I am about to purchase a 1972 24 Macgregor I would like to hear something from EXPERIENCED users on this boat . I dont want to hear what you have heard or someone told you . I want first hand advice . 
I plan on using this in a lake with an occasional trip to Chesapeake bay or sounds of NC .. Any advice would be greatly appreciated . Thank You , Bawgy


----------



## ftldiver (Sep 9, 2002)

you should try macgregor-boats, or trailersailor forums. lots of mac guys there.

the 70''s are actully venture boats, later to become macgregor, 

the macgregor 25'' had inner liners. not sure which year that started.

the early non inner liner boats are ok, but should sell for less.

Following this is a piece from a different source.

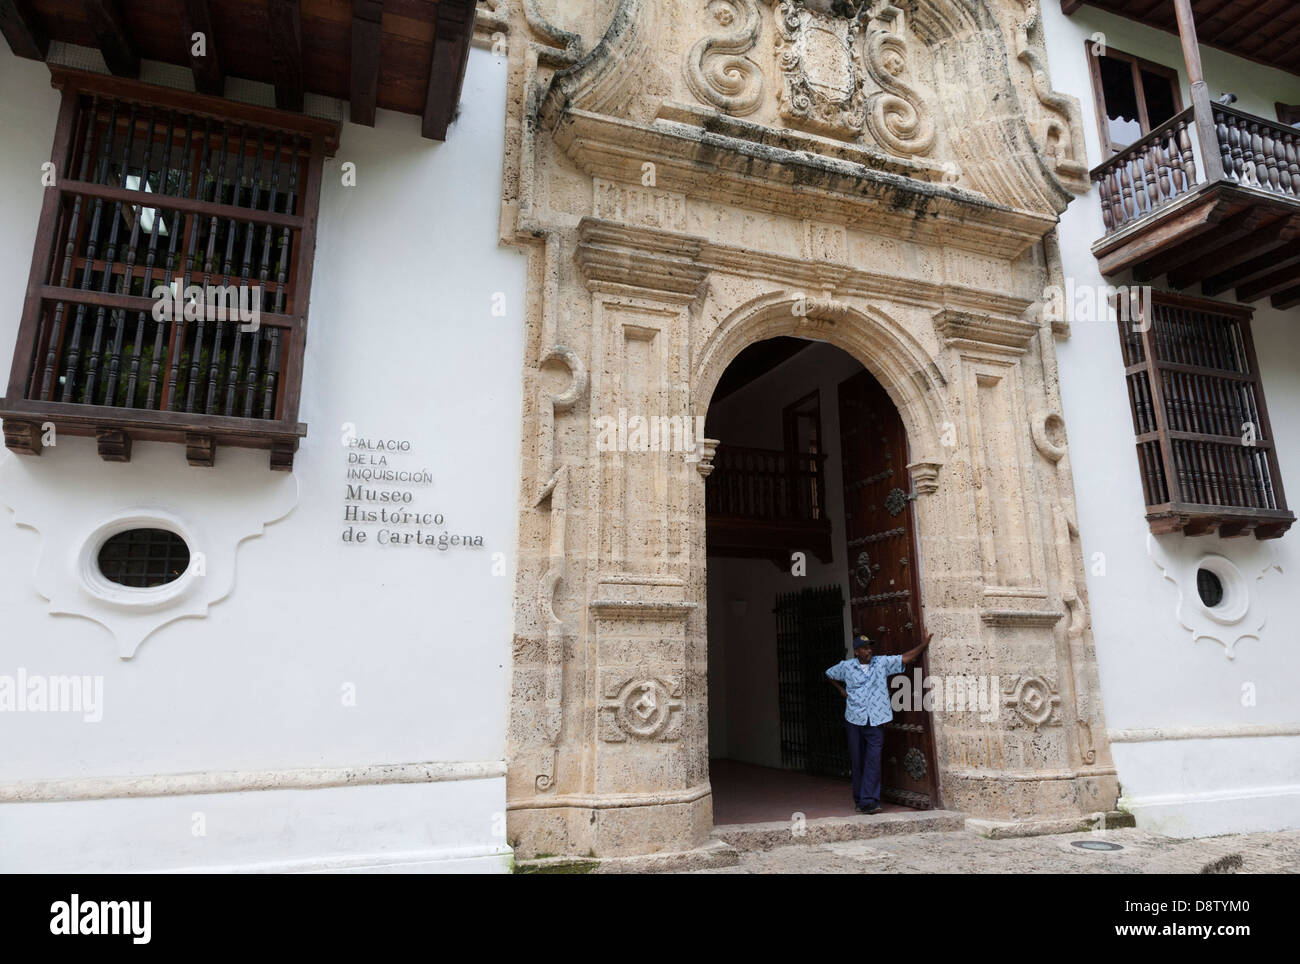 Palacio De La Inquisicion, Museo Historico de Cartagena Plaza de Bolivar, Cartagena, Kolumbien Stockfoto

check the pivit bolt, and centerboard closely. this is a common problem. 

best of luck.


----------



## TSOJOURNER (Dec 16, 1999)

Thanks for the heads up . I got the boat at a good price and it looks in good shape . There is a ding on the side that will take a little glass work . I sewed up all the tears in the sails to use for now . I will probably replace next spring . Thanks for the reply diver , Bawgy


----------



## TSOJOURNER (Dec 16, 1999)

I bought a 1974 Venture 224 last month and only have had it out once so far. I tought the weather would turn cold here in Colorado, so I put the boat away. Today it was 84! Anyway my 1 day experience was very positive, even my 7 year old took the helm for a few minutes and could keep the tell- tails flat. I have now gutted the interior and am working on replacing some of the cloth covered panels with plywood stained and coated with minwax helmsmen urethane. I also moved some of the foam and built a berth/storage area under the cockpit so that now the entire stren section is flat. I also rewired the entire boat.
Overall the boat seems easy to work on and very solid. I did get lucky as the previous owner replaced the keel boats and installed a blidge pump.
The rest of the boat is sound. Does your speed indicator work? Mine is done for and I can''t get parts for it, I think a fishfinder/temp/speed unit is in order. Any suggestions?
All in all considering I only paid 3,000 for the boat which included a 7.5 hp merc., and a small dingy, a bimini, 2 anchors, and lots of spare parts I feel real good about the buy.It will be a good boat for the western lakes


----------



## TSOJOURNER (Dec 16, 1999)

Thanks Kevin,

I have one ding in the side I need to repair and I am gonna try to paint the whole thing . I too have gutted mine and will try to redo the interior to suit me . I do not like the way the keel is winched up and down . Mine has a 2x6 across the cockpit just aft of the cabin door with a winch on it. I want to build something between the seats to enclose the winch mostly . I paid 1400 for boat , 3 sails (which I have sewed up and repaired for $45)7 hp engine and trailer. Got 3 gas tanks and a small portable sump. I need to rewire as well. I hope to get a site up and show pics as I restore . Kenny


----------